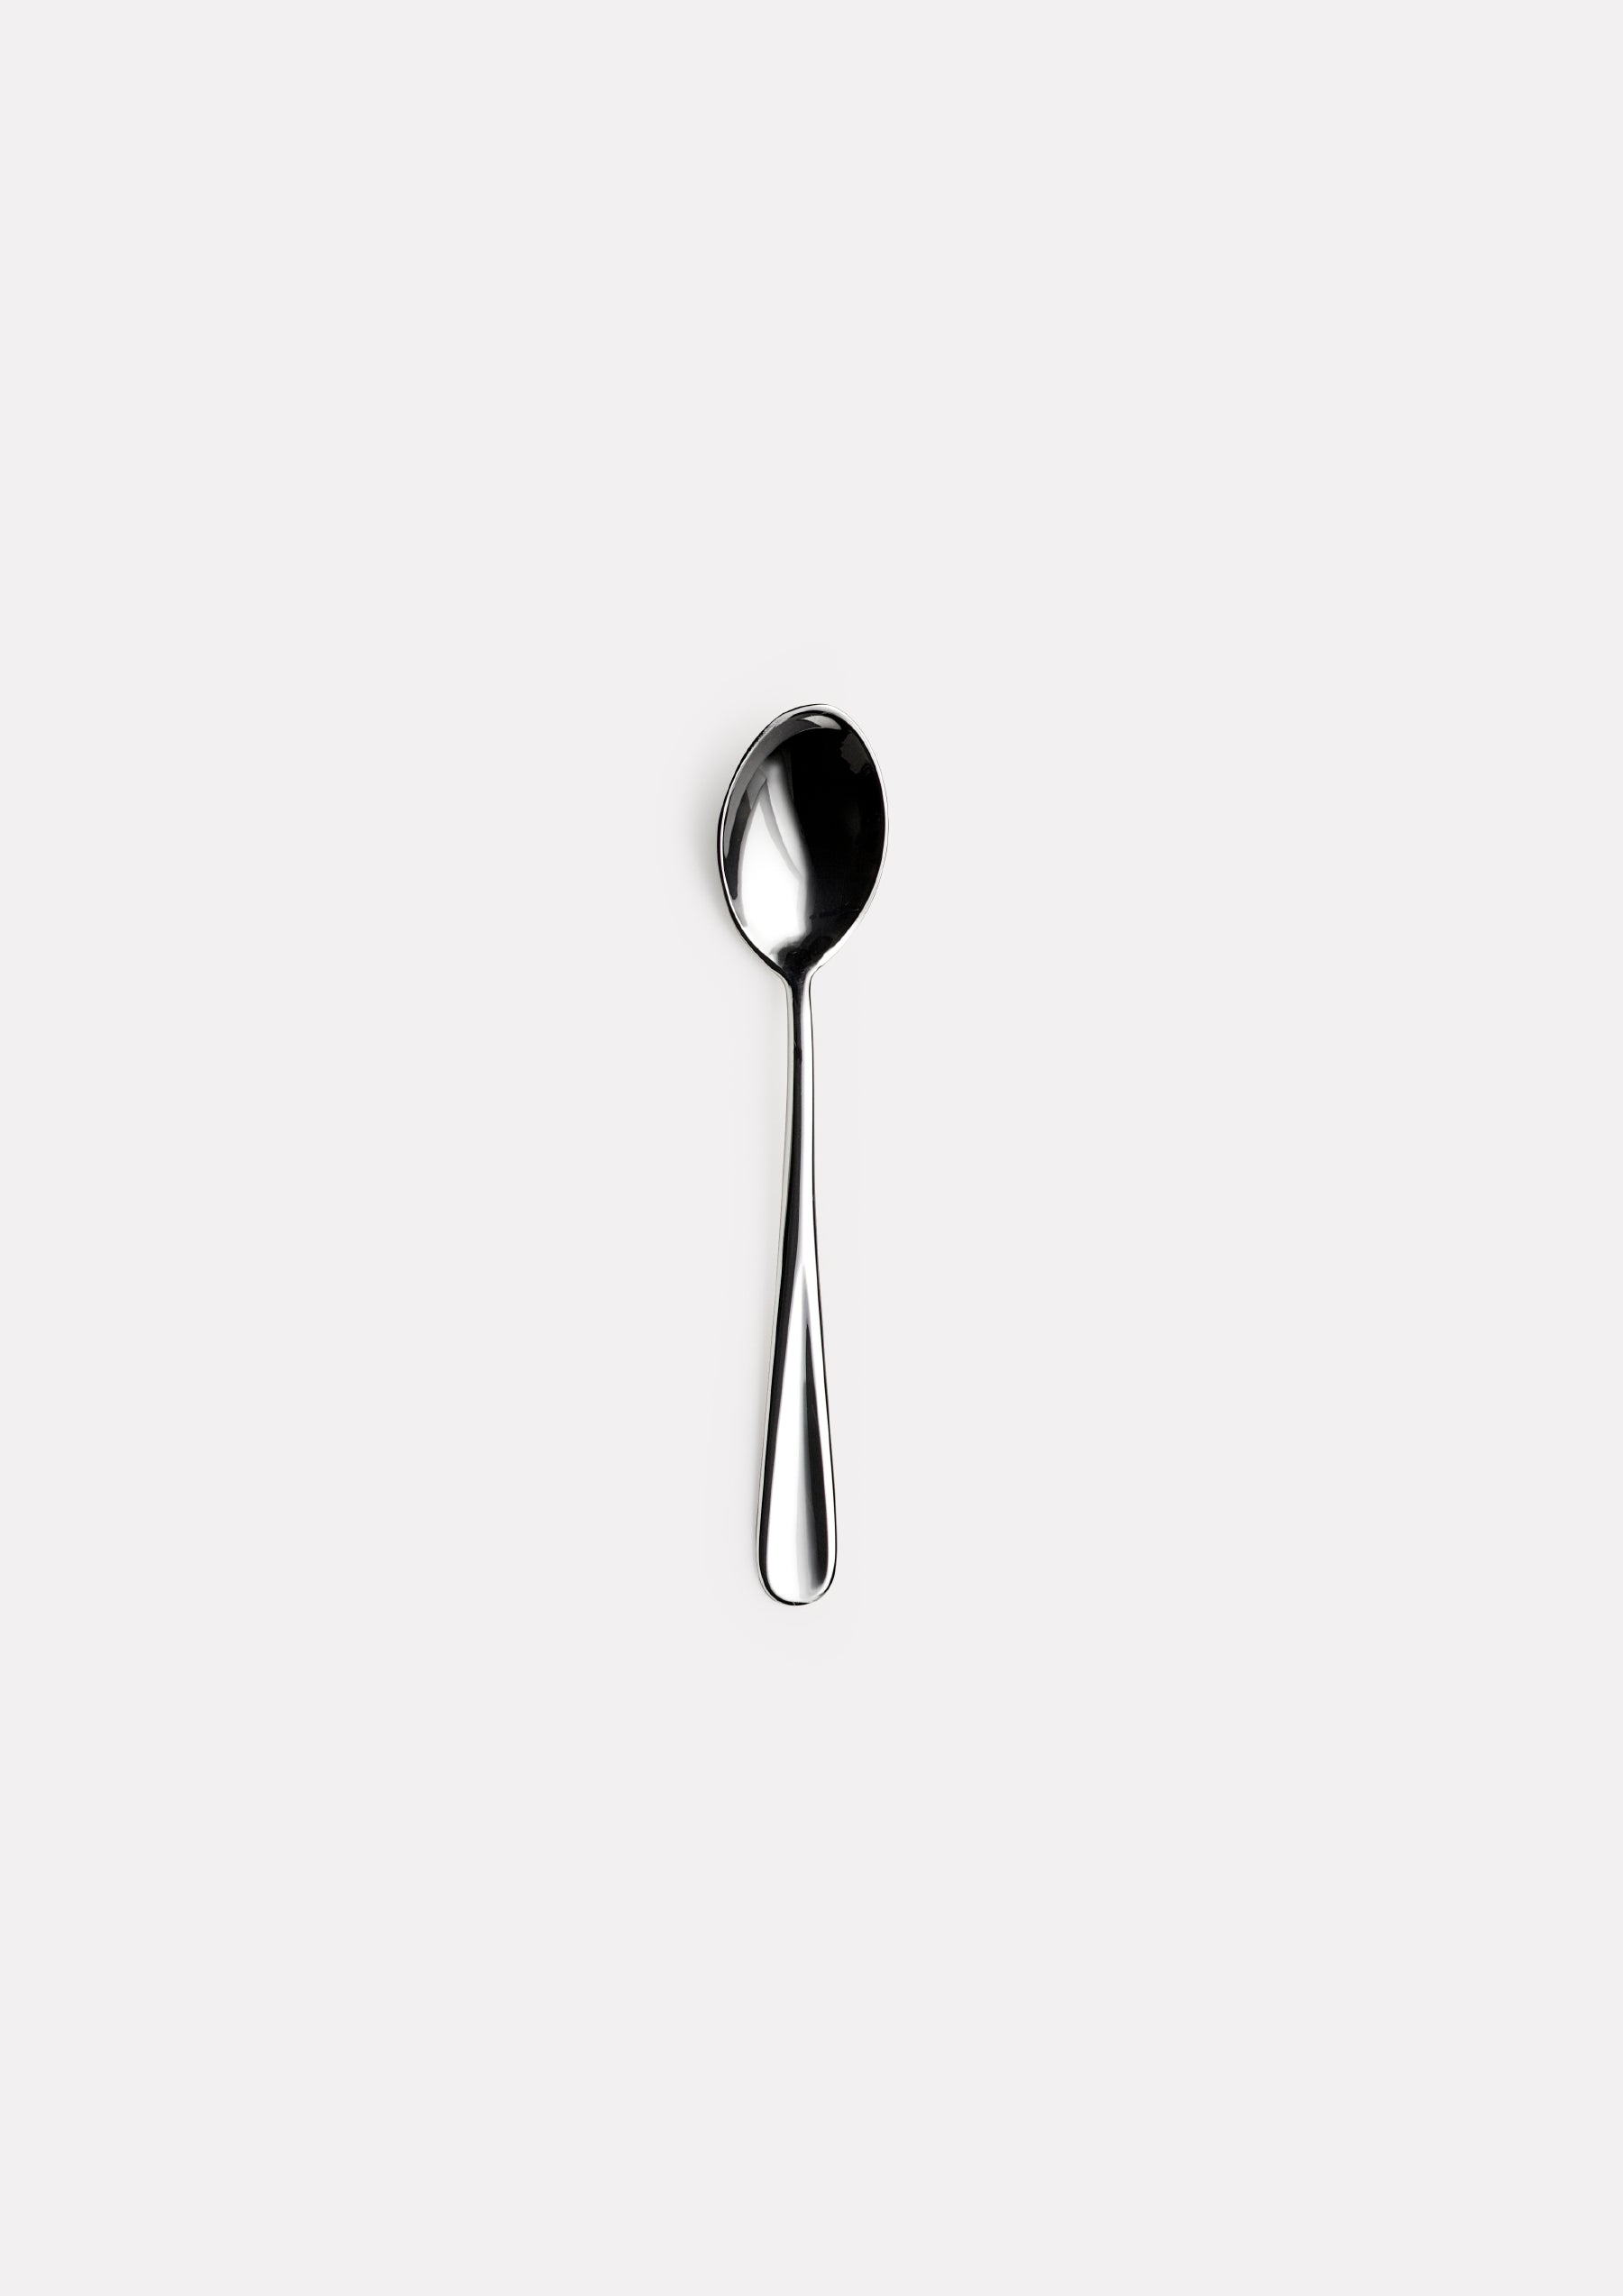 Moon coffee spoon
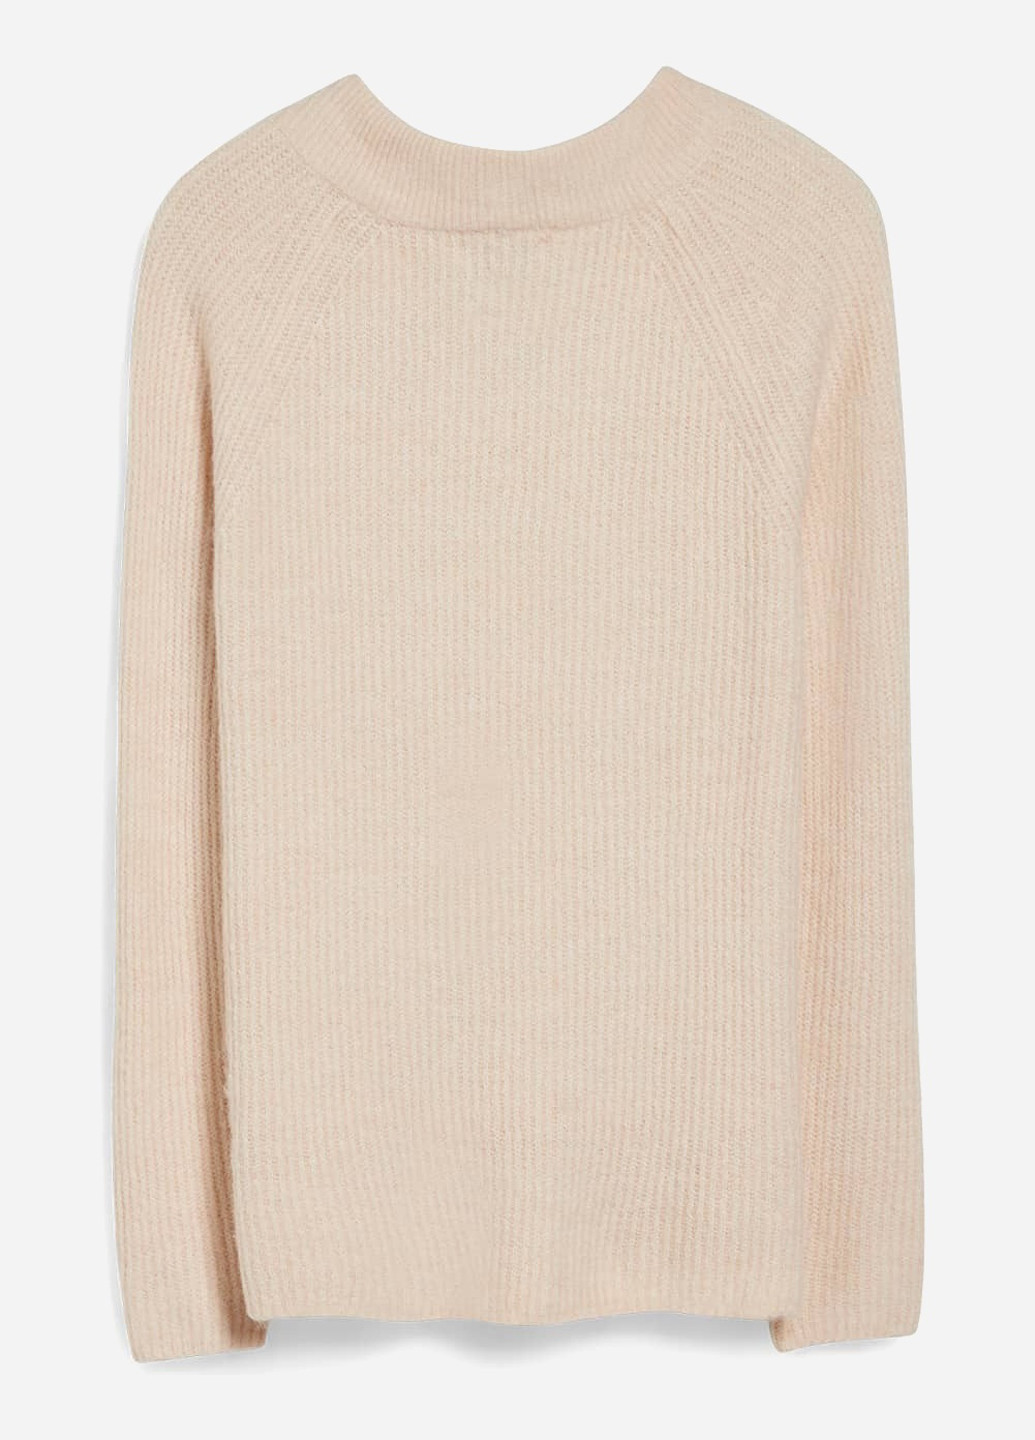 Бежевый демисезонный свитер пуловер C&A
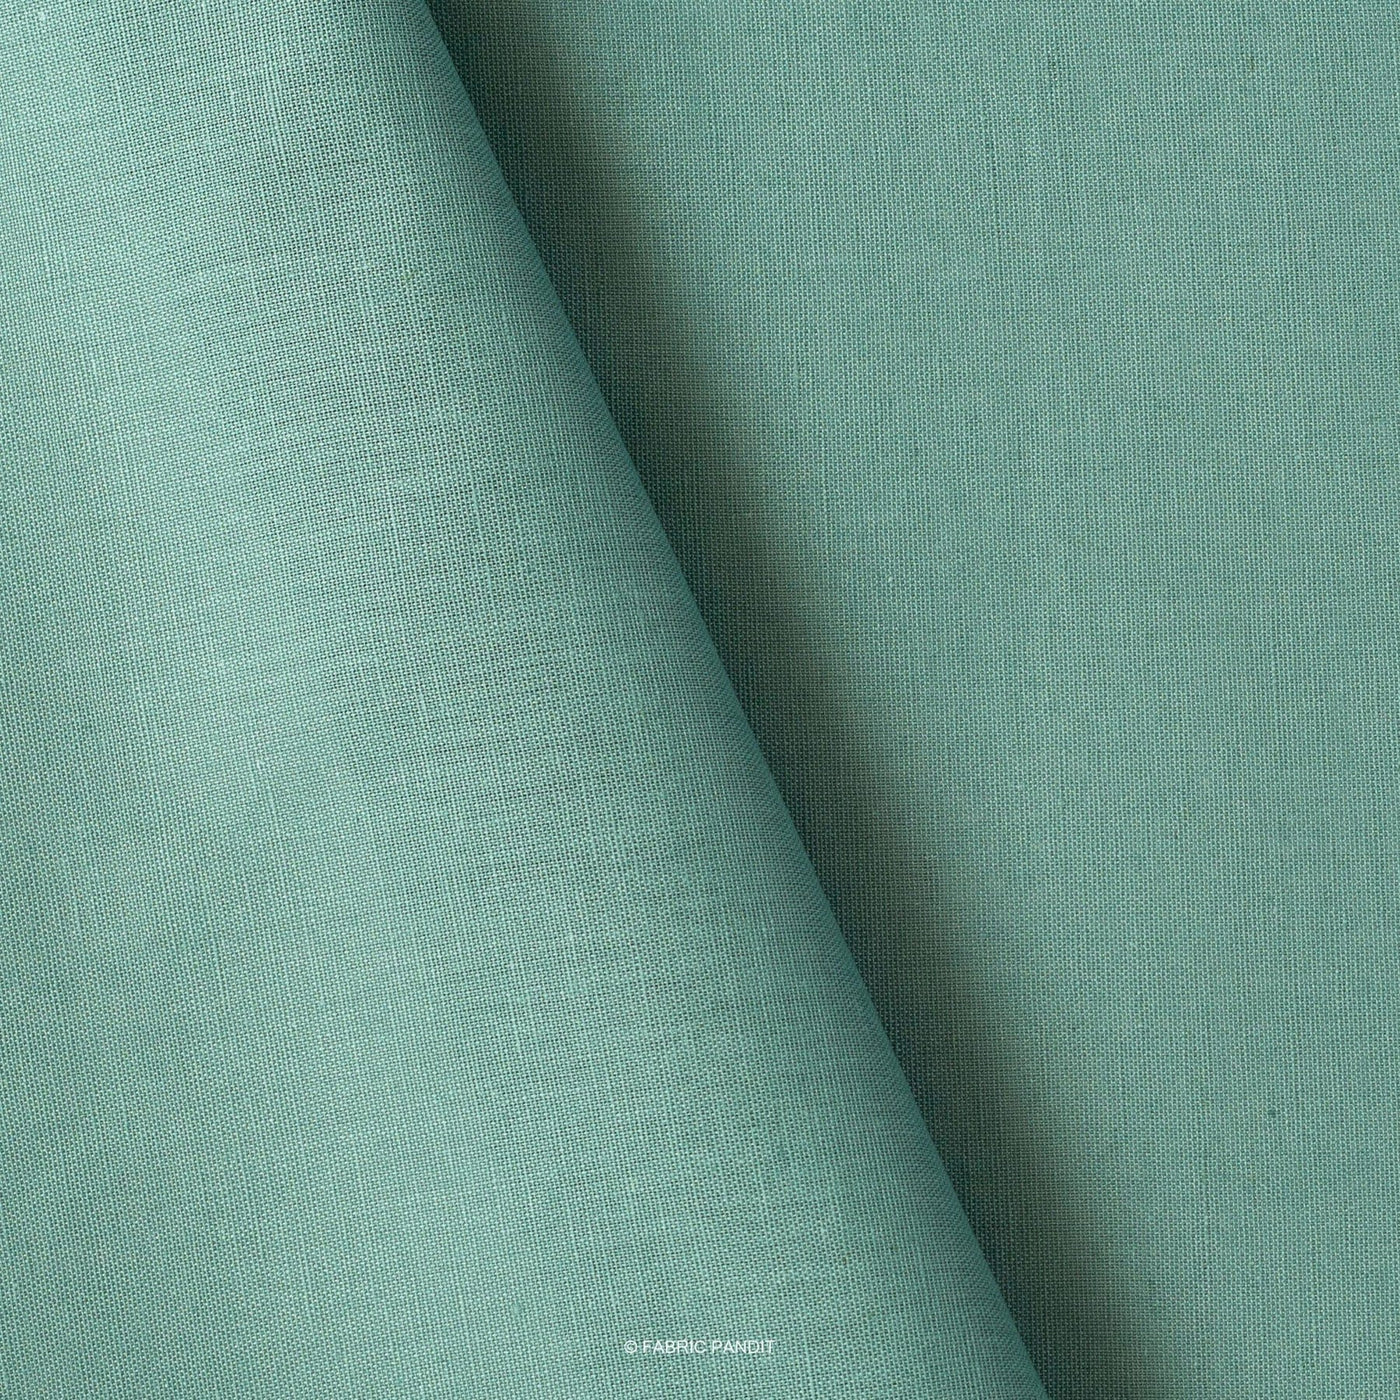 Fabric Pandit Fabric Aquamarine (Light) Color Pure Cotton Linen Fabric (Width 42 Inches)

## [Assignment]
Retype exactly, and only, the lines from the one containing "Бежевый демисезонный свитер пуловер C&A" through the end of the material, leaving aside every picture.

## [Solution below]
 Бежевый демисезонный свитер пуловер C&A
 Fabric Pandit Fabric Aquamarine (Light) Color Pure Cotton Linen Fabric (Width 42 Inches)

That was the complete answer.